Monday, January 14, 2008
11. A young warrior fails to carry out orders and is punished
King Rajadhirat erected a stockade at Kyat Le near Dala. From there he mounted the elephant sired by Hsin Ye and escorted by 1,000 troops entered Dala where he was jubilantly received by Prince Binnya Dala, Smim Awananaing and the citizenry of Dala. Rajadhirat showered gifts on them.
Rajadhirat asked Smim Awananaing whether the Burmese prince was given to charging out from his stockaded camp. Awananaing assured the king that Minyekyawswa was like a fighting cock ever eager to launch itself against any rooster it happened to see.
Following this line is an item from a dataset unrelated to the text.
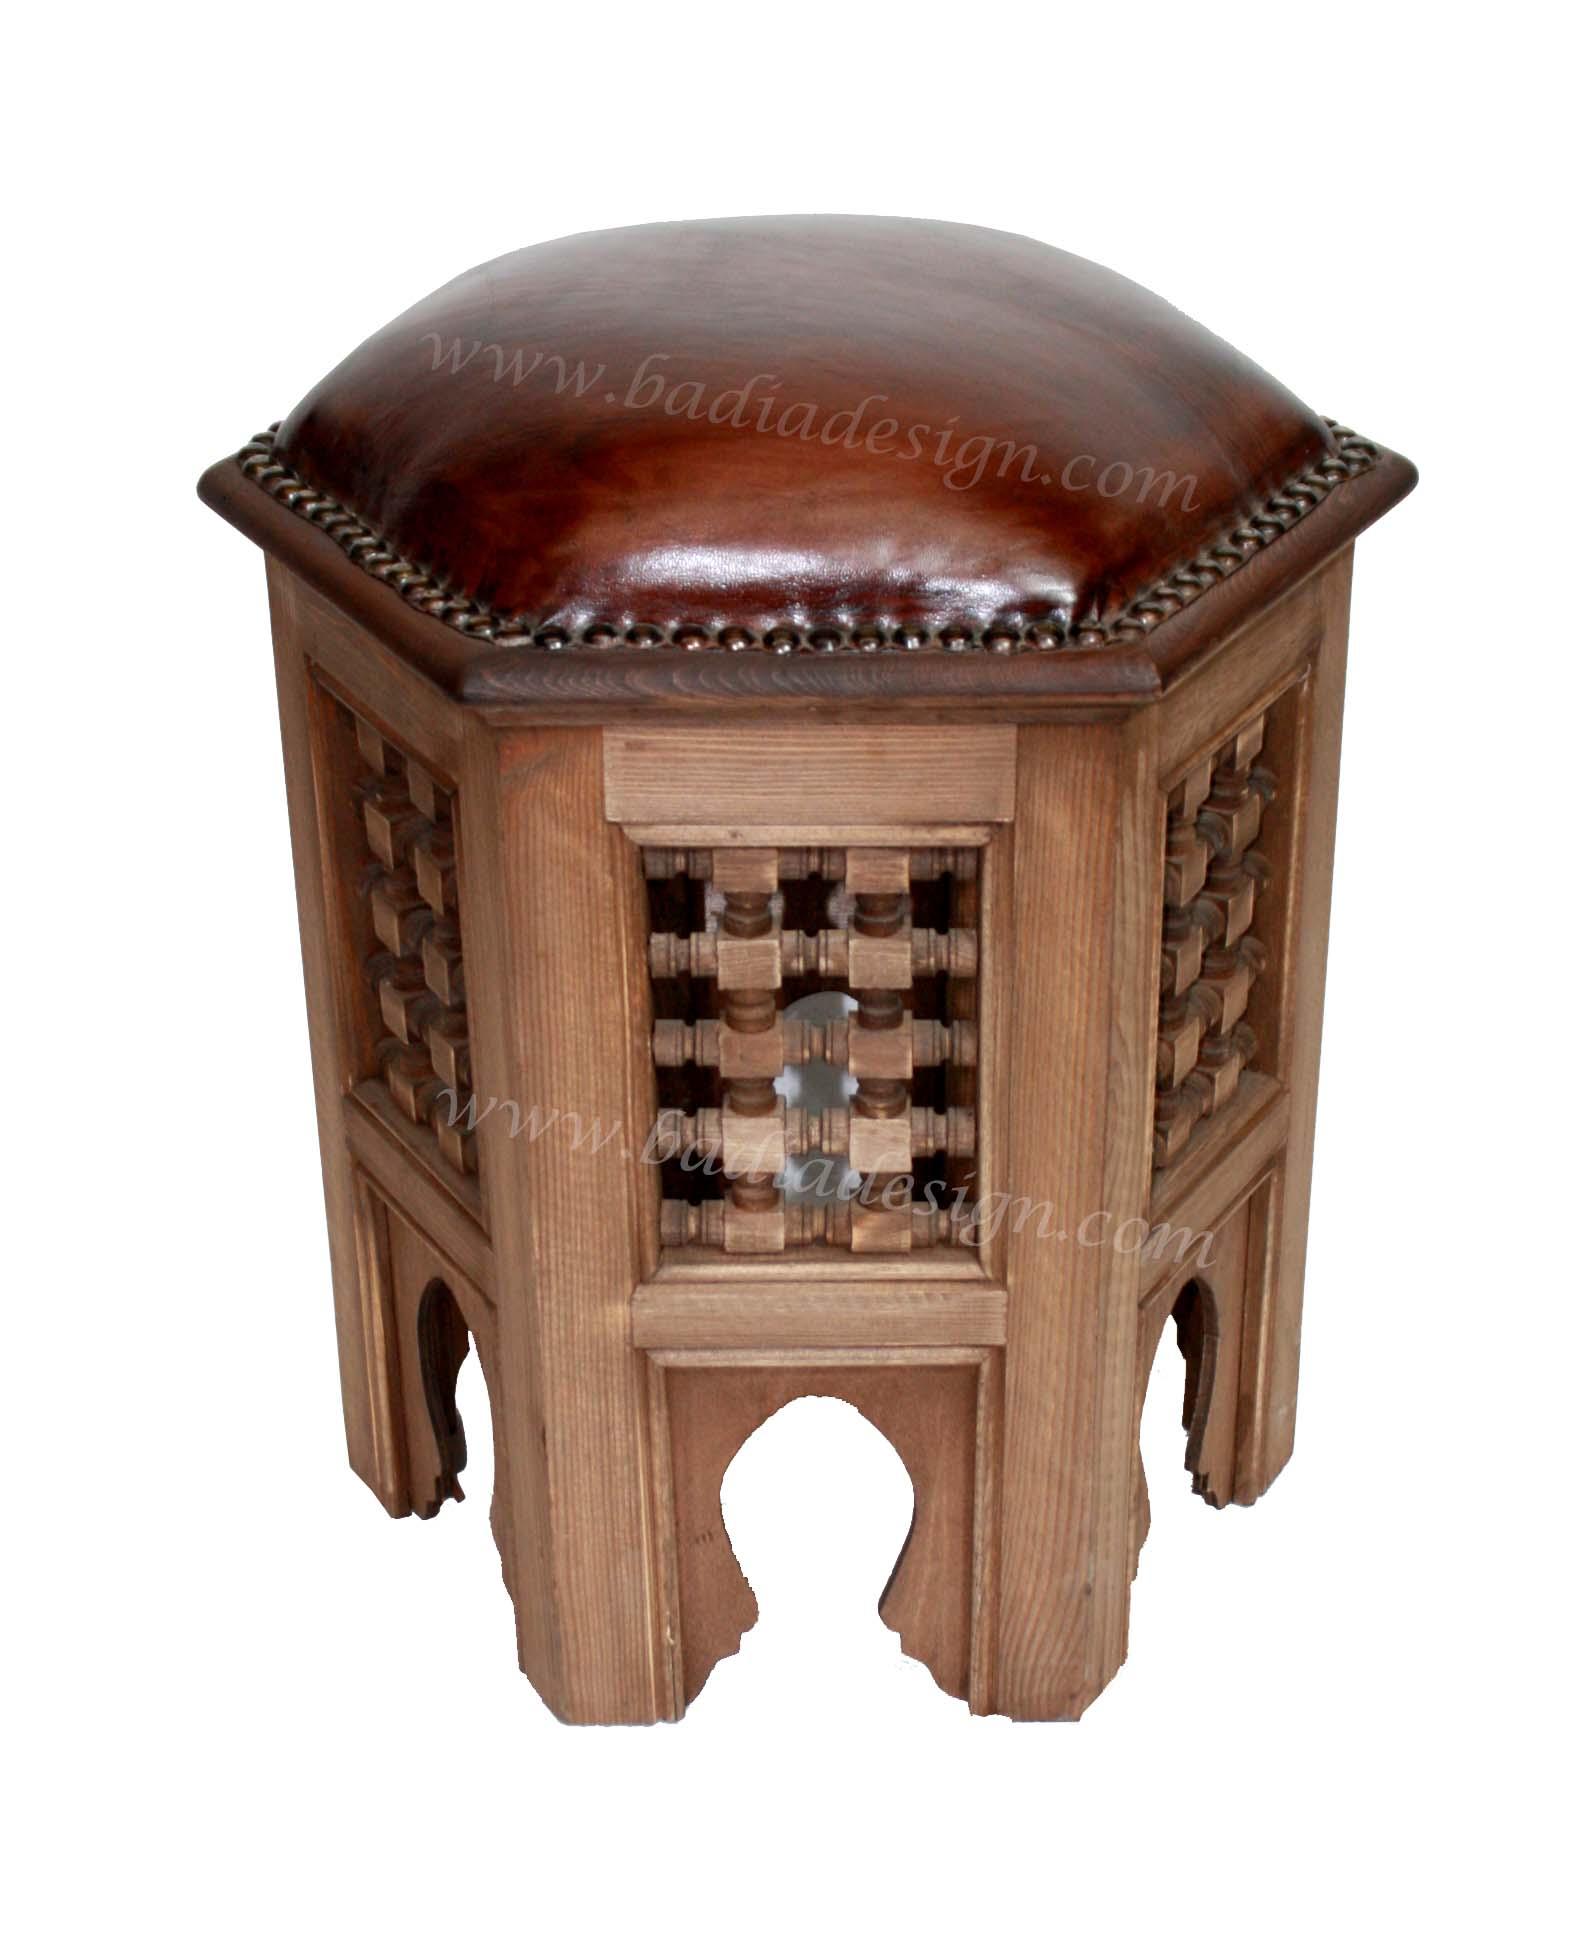 Brown leather ottoman - Brown Leather Ottoman 32

"Then we are certain of getting the Burmese prince," said Rajadhirat.
Turning to Thwe Lagunsan, his personal attendant and bearer of his betel box and water goblet, he issued orders:
"Your elephant is nimble and quick. Go with an escort of 300 warriors to Minyekyawswa's camp and try and draw him out. If he pursues you don't turn and fight but come back with all speed. "
Thwe Lagunsan made the gesture of obeisance and departed on his mission. When they were detected, Minyekyawswa sent the Governor of Kale with 1,000 horsemen after him.
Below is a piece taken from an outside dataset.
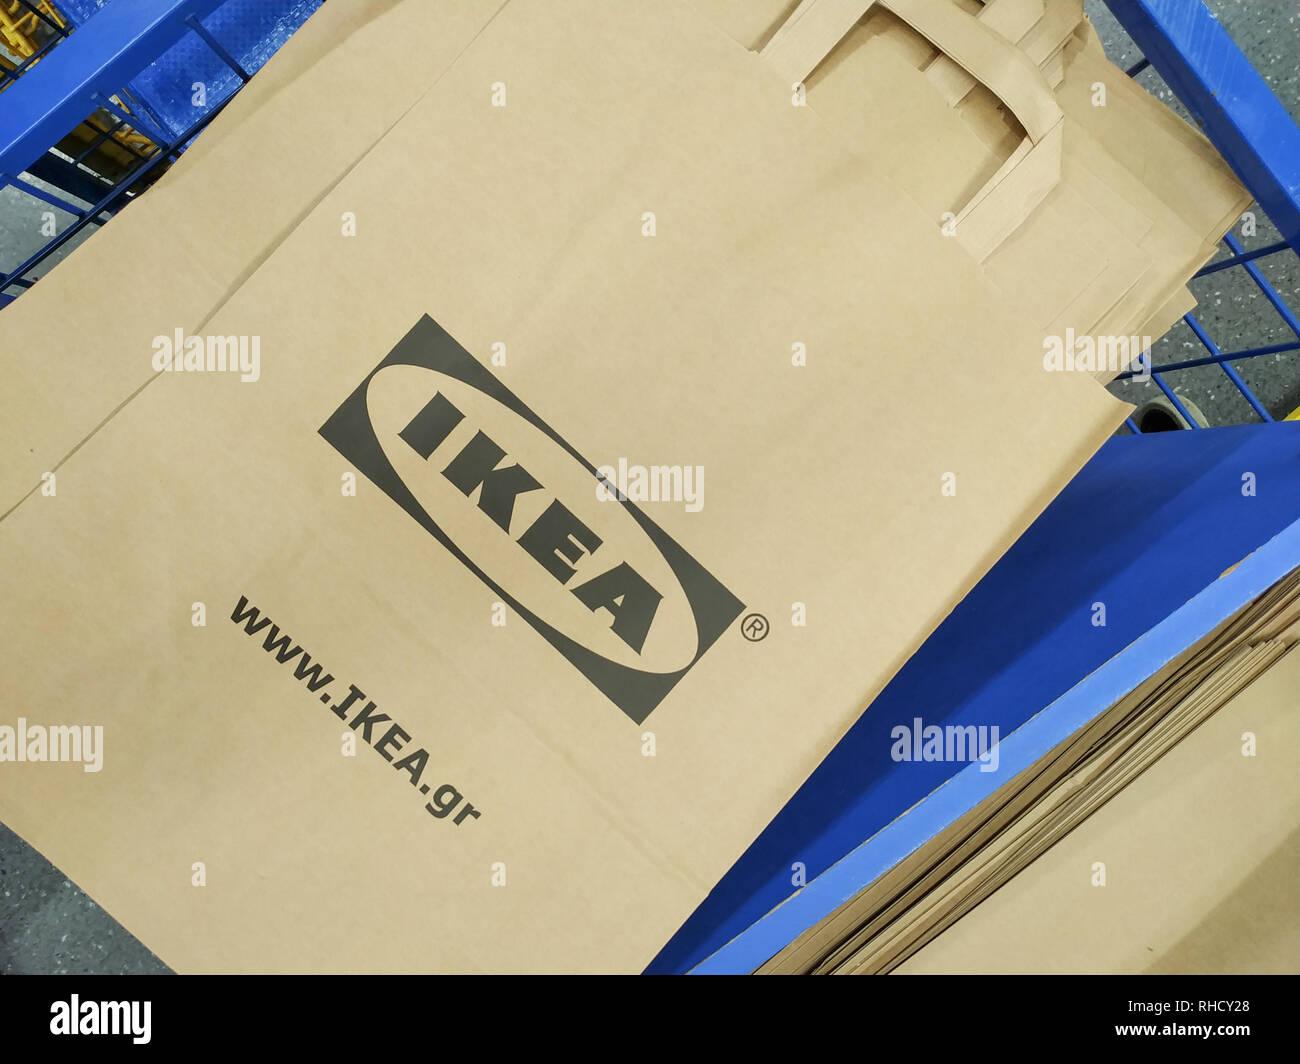 Ikea Product Stock Photos Ikea Product Stock Images Alamy

Thwe Lagunsan turned back on seeing the cavalry emerge. The Burmese horsemen pressed on with vigour and started to catch up to them. At this point, Thwe Lagunsan turned and fought back.
Feinting, the elephant turned left and right during the skirmish and suffered around one hundred spear wounds.
When Rajadhirat heard of this, he clapped his hands and slapped his thighs in anger. When Thwe Lagunsan arrived he handed him over to Emuntaya with the orders:
"He has violated my orders. Cut off his arms and legs and throw him away."
Awa-nan-naing protested, "Thwe Lagunsan erred because he is young and not very clever. As a Buddha would, please spare his life." Acceding to this request, Thwe Lagunsan was put in irons instead.